IQ healthcare, Radboud University Nijmegen Medical Centre, The Netherlands.
Ann Fam Med. 2011 Nov-Dec;9(6):522-7. doi: 10.1370/afm.1308.
PURPOSE We analyzed the disciplinary law verdicts concerning family physicians, submitted to the Dutch disciplinary law system, to identify domains of high risk of harm for patients in family practice. METHODS The Dutch disciplinary law system offers patients the opportunity to file complaints against physicians outside a legal malpractice system, without possibility of financial compensation in case of verdicts in which the physician was found to be at fault. We performed an analysis of 250 random disciplinary law verdicts on Dutch family physicians submitted to disciplinary tribunals and published between 2008 and 2010. Our analysis focused on clinical domains represented in the verdicts with serious permanent damage or death. RESULTS Of the 74 complaints with a serious health outcome, 44.6% (n = 33) were related to a wrong diagnosis, 23.0% (n = 17) to insufficient care, 8.1% (n = 6) to a wrong treatment, 8.1% (n = 6) to a late arrival at a house visit, 5.4% (n = 4) to a late referral to the hospital, and 1.4% (n = 1) to insufficient information given; 9.5% (n = 7) consisted of other complaints. The wrong or late diagnosis-related cases mostly consisted of myocardial infarction and stroke (35.1%) and malignancies (33.7%).

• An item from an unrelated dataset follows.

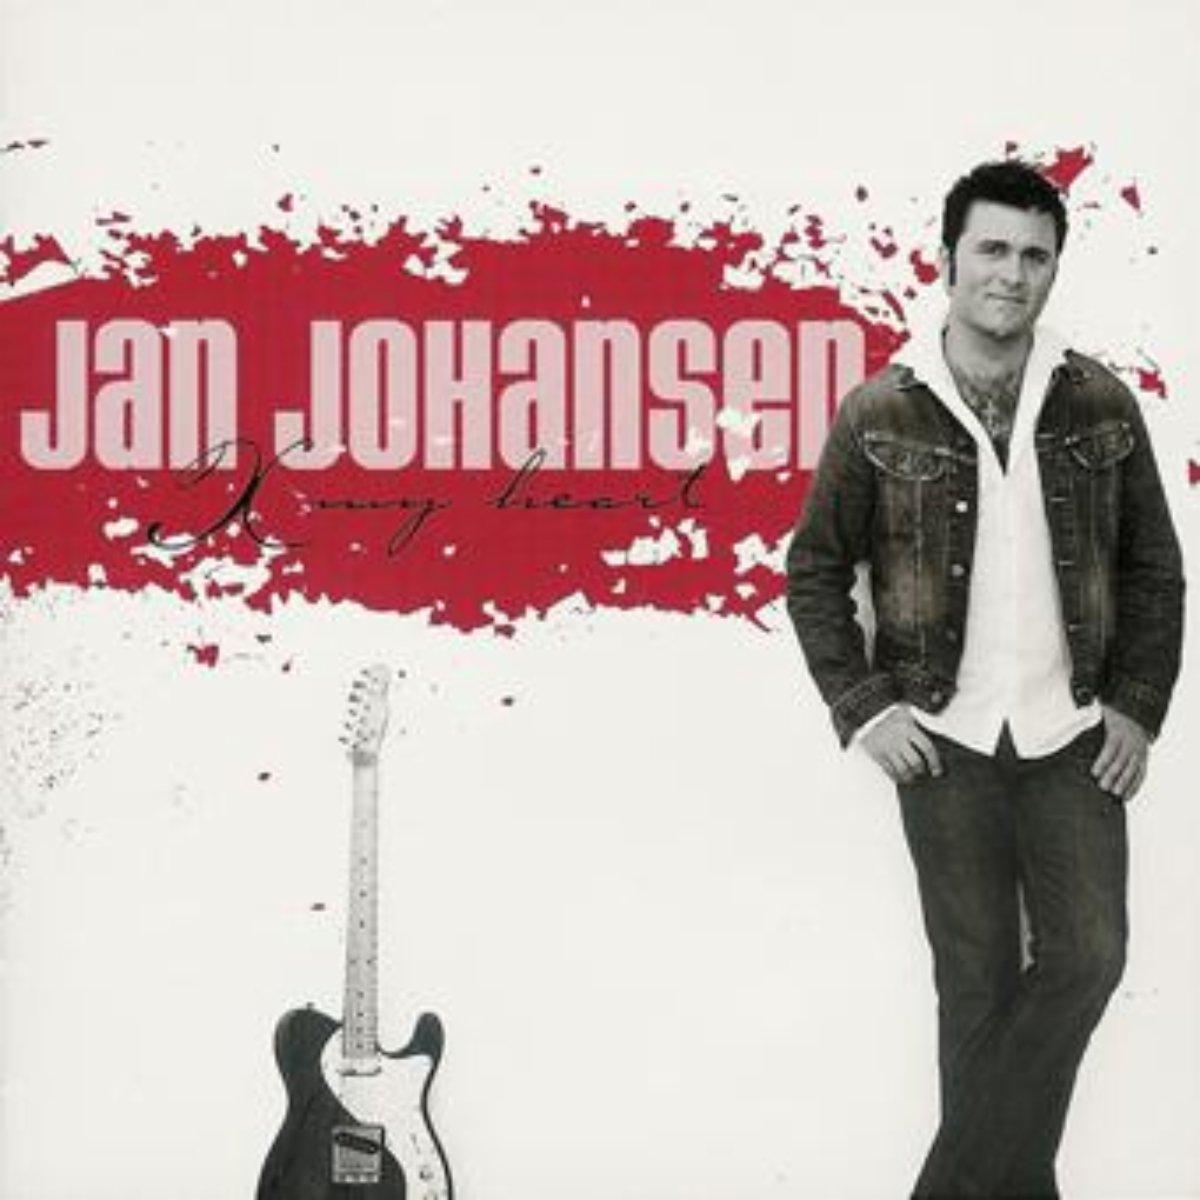 Jan Johansen - X My Heart (2003) [FLAC] Download

The family physician was disciplined as a result of 37 of these 74 complaints (50%). Logistic regression analysis showed that a serious outcome was associated with a higher probability of disciplinary measures (B=0.703; P =.02) CONCLUSIONS The disciplinary law system in the Netherlands differs fundamentally from a legal malpractice system. It can be used to learn from patients' complaints with a view on improving patient safety.

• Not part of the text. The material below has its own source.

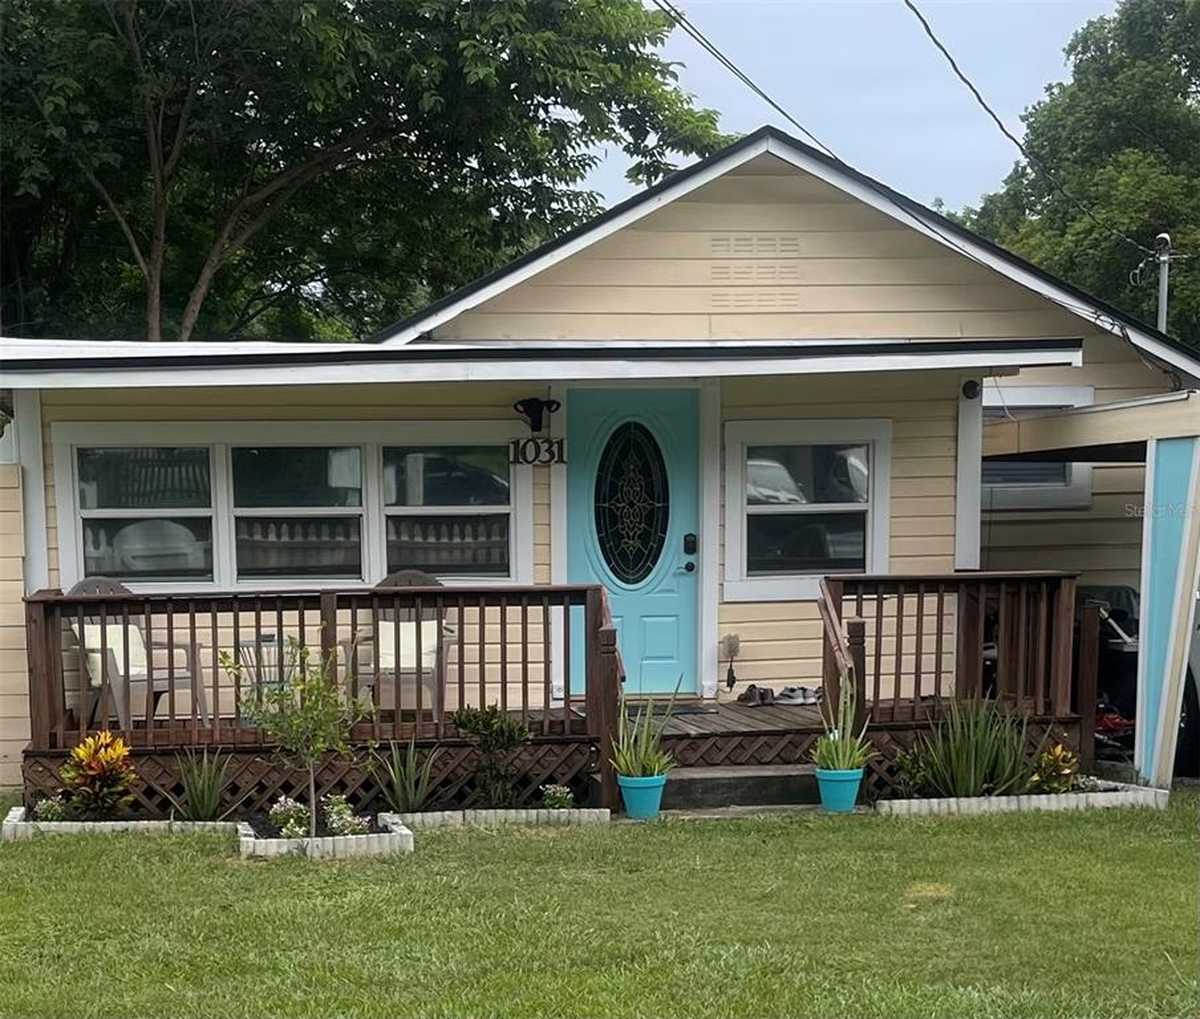 $215,000 - 3Br/2Ba -  for Sale in Angebilt Add, Orlando

我们分析了提交给荷兰纪律法律制度的家庭医生纪律法律判决,以确定家庭实践中患者高风险伤害领域。
荷兰纪律法律制度为患者提供了在法律过失制度之外对医生提出投诉的机会,如果在医生被判有错的判决中没有获得经济赔偿的可能性。我们对 2008 年至 2010 年期间提交给纪律法庭并公布的 250 份随机荷兰家庭医生纪律法律判决进行了分析。我们的分析集中在判决中出现严重永久性损害或死亡的临床领域。

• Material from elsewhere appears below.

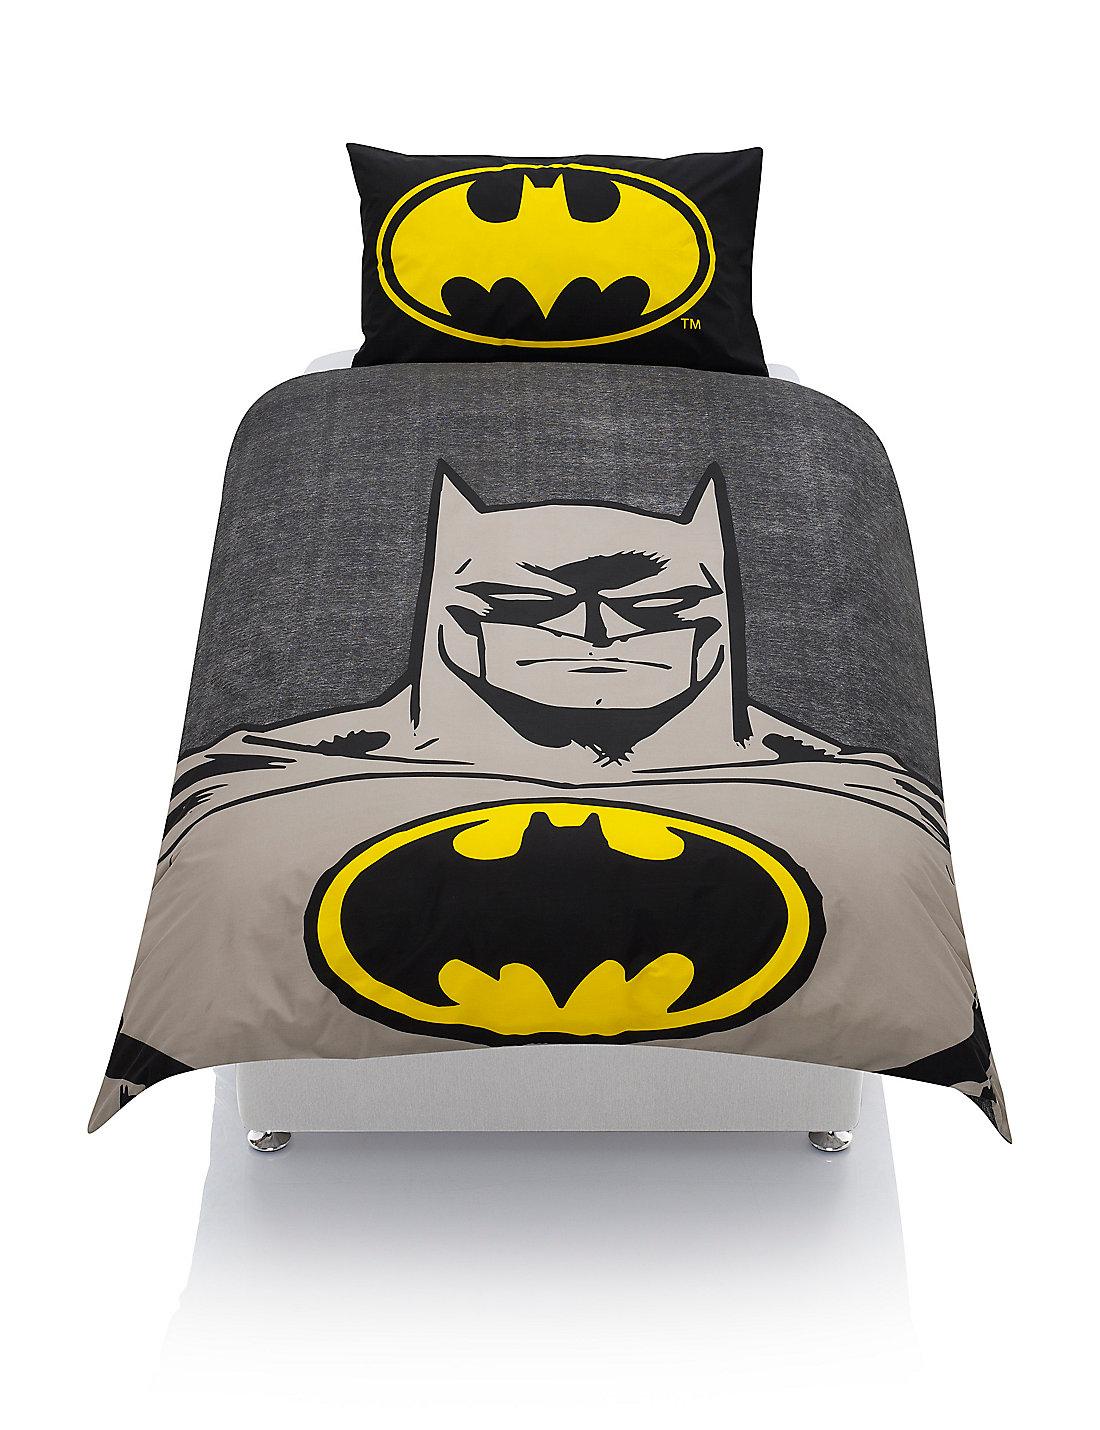 Batman™ Bedding Set

在 74 份有严重健康后果的投诉中,44.6%(n=33)与错误诊断有关,23.0%(n=17)与护理不足有关,8.1%(n=6)与错误治疗有关,8.1%(n=6)与出诊迟到有关,5.4%(n=4)与延迟转院有关,1.4%(n=1)与提供的信息不足有关;9.5%(n=7)由其他投诉组成。错误或延迟诊断相关病例主要由心肌梗死和中风(35.1%)和恶性肿瘤(33.7%)组成。由于这 74 起投诉中的 37 起(50%),家庭医生受到纪律处分。逻辑回归分析显示,严重后果与纪律措施的可能性更高相关(B=0.703;P=.02)。
荷兰的纪律法律制度与法律过失制度有根本的不同。它可以用来从患者的投诉中吸取教训,以提高患者的安全性。